No era teatro, no eran unos simples personajes. Para nosotros eran Camille y Perdican, dos niños de papá muy charlatanes y súper egoístas, pero nos habían echado una mano cuando estábamos hechos polvo, y ahora nos dejaban solos para que pudiéramos saborear vuestros aplausos, así que idos al cuerno con vuestras ganas de espectáculo, idos al cuerno. No actuamos más y no actuaremos nunca más, por la sencilla razón de que nunca hemos actuado.

Y si aún no lo habéis entendido es que no lo entenderéis nunca, así que…, que os den morcilla…

—¿No queréis? —repitió, súper decepcionada.

Franck me miró, y le dije que no con la cabeza, un minúsculo no. Un gesto que sólo él podía ver. Como un código. Apenas un estremecimiento. Una cosa como de hermanos pieles rojas.

Entonces se volvió hacia ella y le soltó, en plan súper definitivo y súper relajado a la vez:

—No, gracias.
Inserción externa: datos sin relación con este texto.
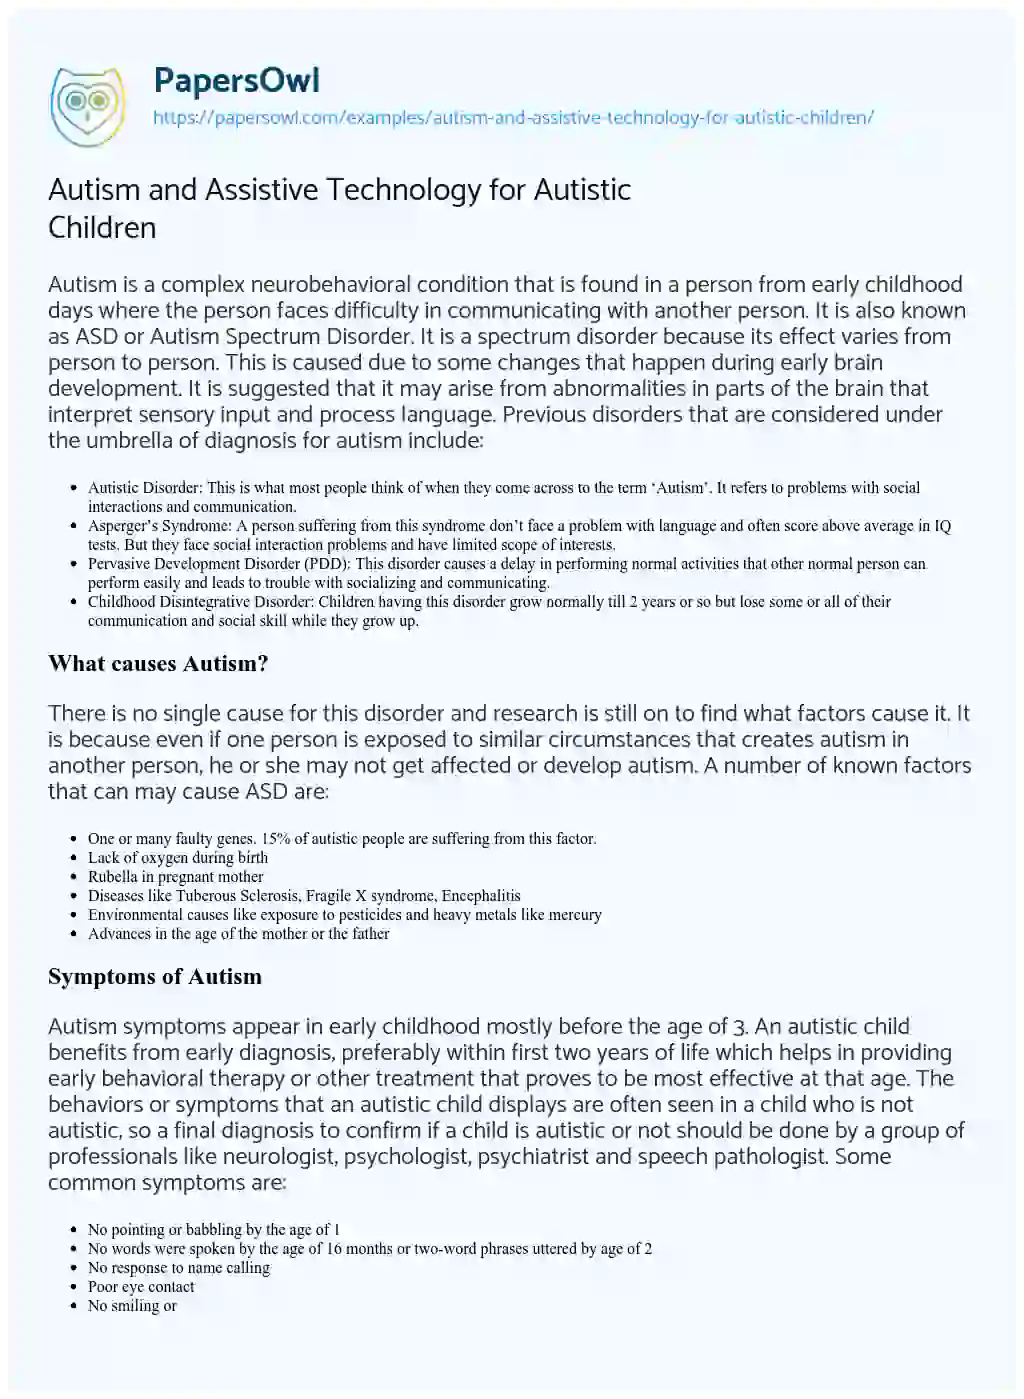 Essay on Autism and Assistive Technology for Autistic Children

A Billie no le apetece mucho, y yo respeto su voluntad.

Y eso, eso de verdad me causó un impacto, un impacto tremendo.

Todavía tengo la marca y nunca haré nada por ocultarla.
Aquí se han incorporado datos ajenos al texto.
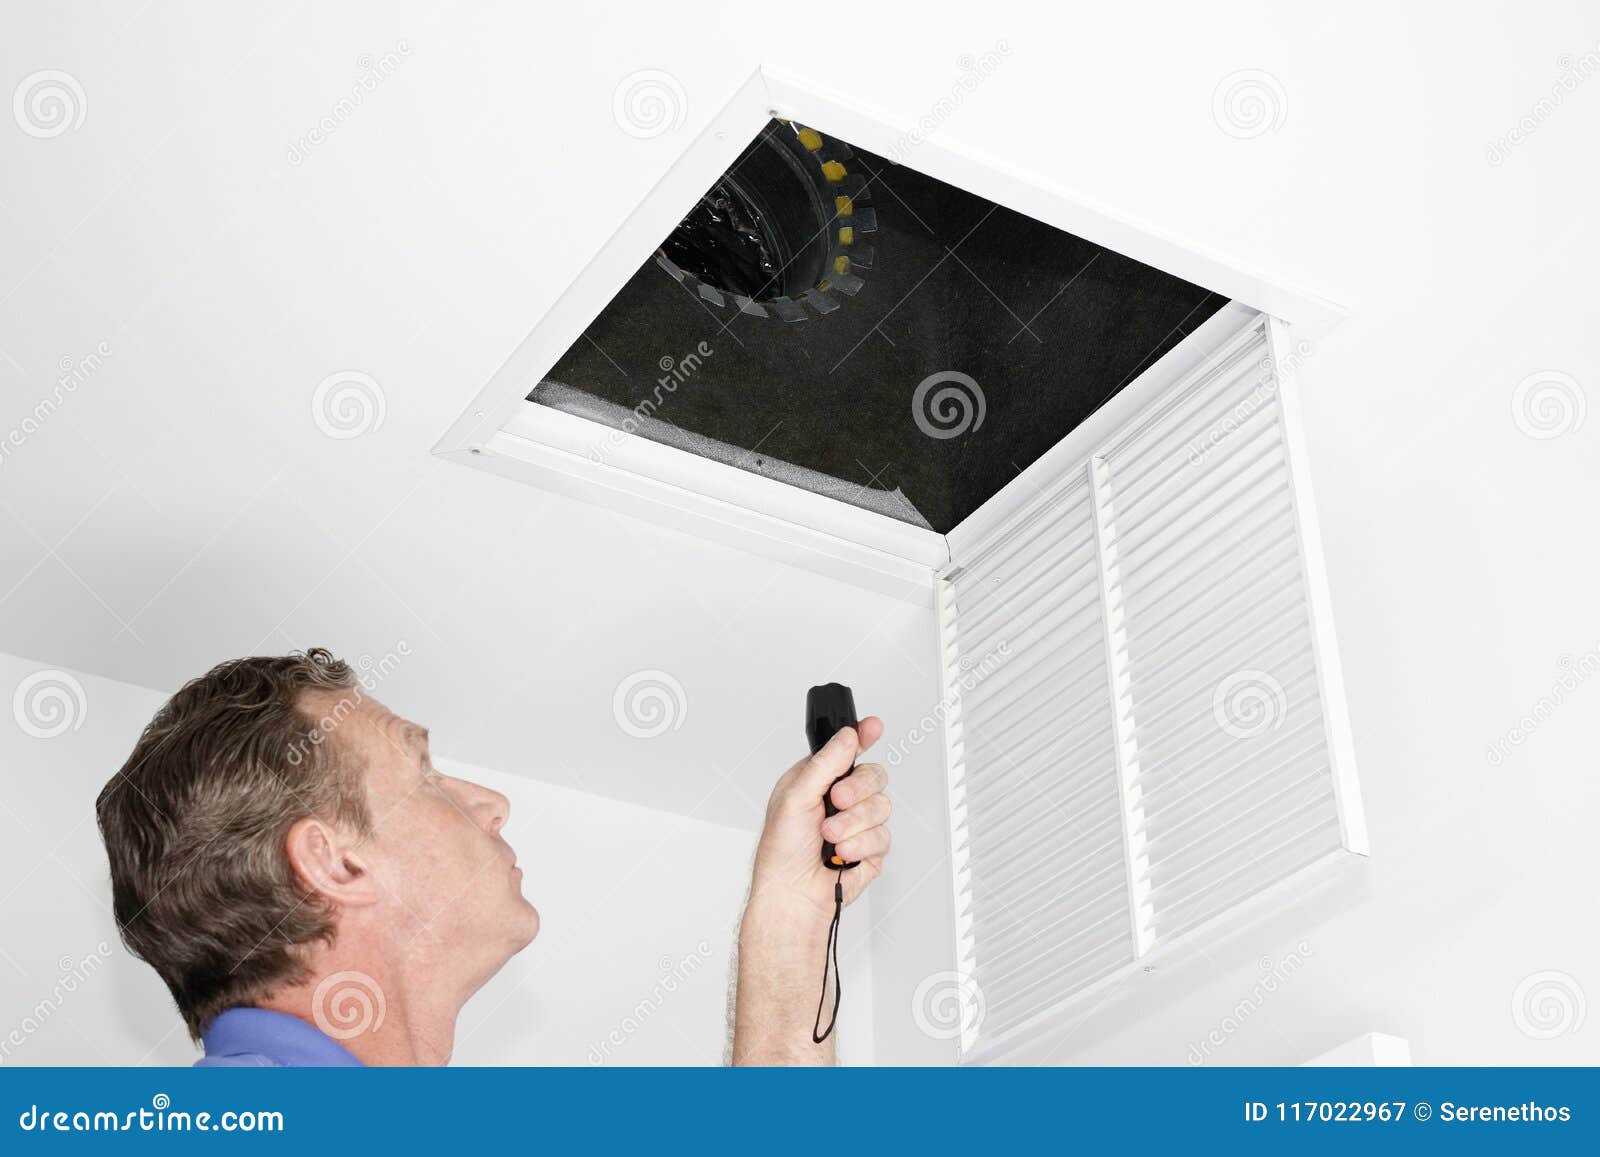 man inspecting air intake duct

Porque estoy demasiado orgullosa…

Porque su amabilidad, su paciencia, la amabilidad de Claudine, su granadina caducada desde 2003, sus manos tan calentitas en mi nuca mientras me ponía bien el vestido, el silencio de hacía un momento, los aplausos desenfrenados, la profesora que hasta entonces sólo se había fijado en mí para humillarme o para ponerme un cero tras otro y que ahora me suplicaba para poder quedar bien con el director, todo eso era muy agradable, no digo que no, pero no importaba lo más mínimo comparado con la frase que Franck acababa de pronunciar…

Ni lo más mínimo.

«Respeto su voluntad».

Se respetaba mi voluntad.

¡Y delante de un profesor, encima!

Pero… Pero yo, algunas noches, sólo para poder cenar algo, ¡tenía que pelear duro! Yo, algunas mañanas, no sabía siquiera si mis… No, nada… En mi caso, ¡la palabra «respeto» estaba tan vacía que ni siquiera entendía para qué la habían inventado! Pensaba que era una chorrada de ésas para terminar una carta. En plan «respetuosamente le saluda» y después la firma debajo y tal, y entonces…, entonces…, ese chavalín, entonces…, ese pequeño Franck Mumu que como mucho pesaría cincuenta kilos, y eso con zapatos incluidos, ¿qué acababa de hacer? ¿Pegarle un corte a una profesora delante de mí y obligarla a mirarme con expresión suplicante?

Oh, Dios mío. Era la pera.

Eso sí que era la pera…

¿Perdón? ¿Qué decís, paletos? ¿Todavía queréis darnos más la vara? Ah, pues no. No, gracias. Resulta que a Billie no le apetece mucho y que alguien respeta su voluntad.

Ah, eso…

Eso me hizo renacer…

De hecho, en cuanto la Guillet se dio la vuelta, yo que nunca abro la boca en clase, me puse a gritar. A gritar como un animal salvaje. Supuestamente para relajar la tensión pero en realidad, y sólo ahora me doy cuenta, no era en absoluto por una cuestión de estrés o de tensión que evacuar, fue el grito de un recién nacido.

Grité, reí y viví.

Así que, estrellita, de verdad voy a echar el resto para convencerte de que nos ayudes una vez más, pero si no quieres, no te preocupes, a mi querido Francky lo salvaré de todas maneras.

Si es necesario, cargaré con él y me iré hasta la otra punta del mundo apretando los dientes. Sí, si es necesario, cargaré con él hasta la Luna y acabaremos en urgencias en Marte pero, mientras tanto, tranquila, tú y las demás podéis contar conmigo para que se haga mi voluntad.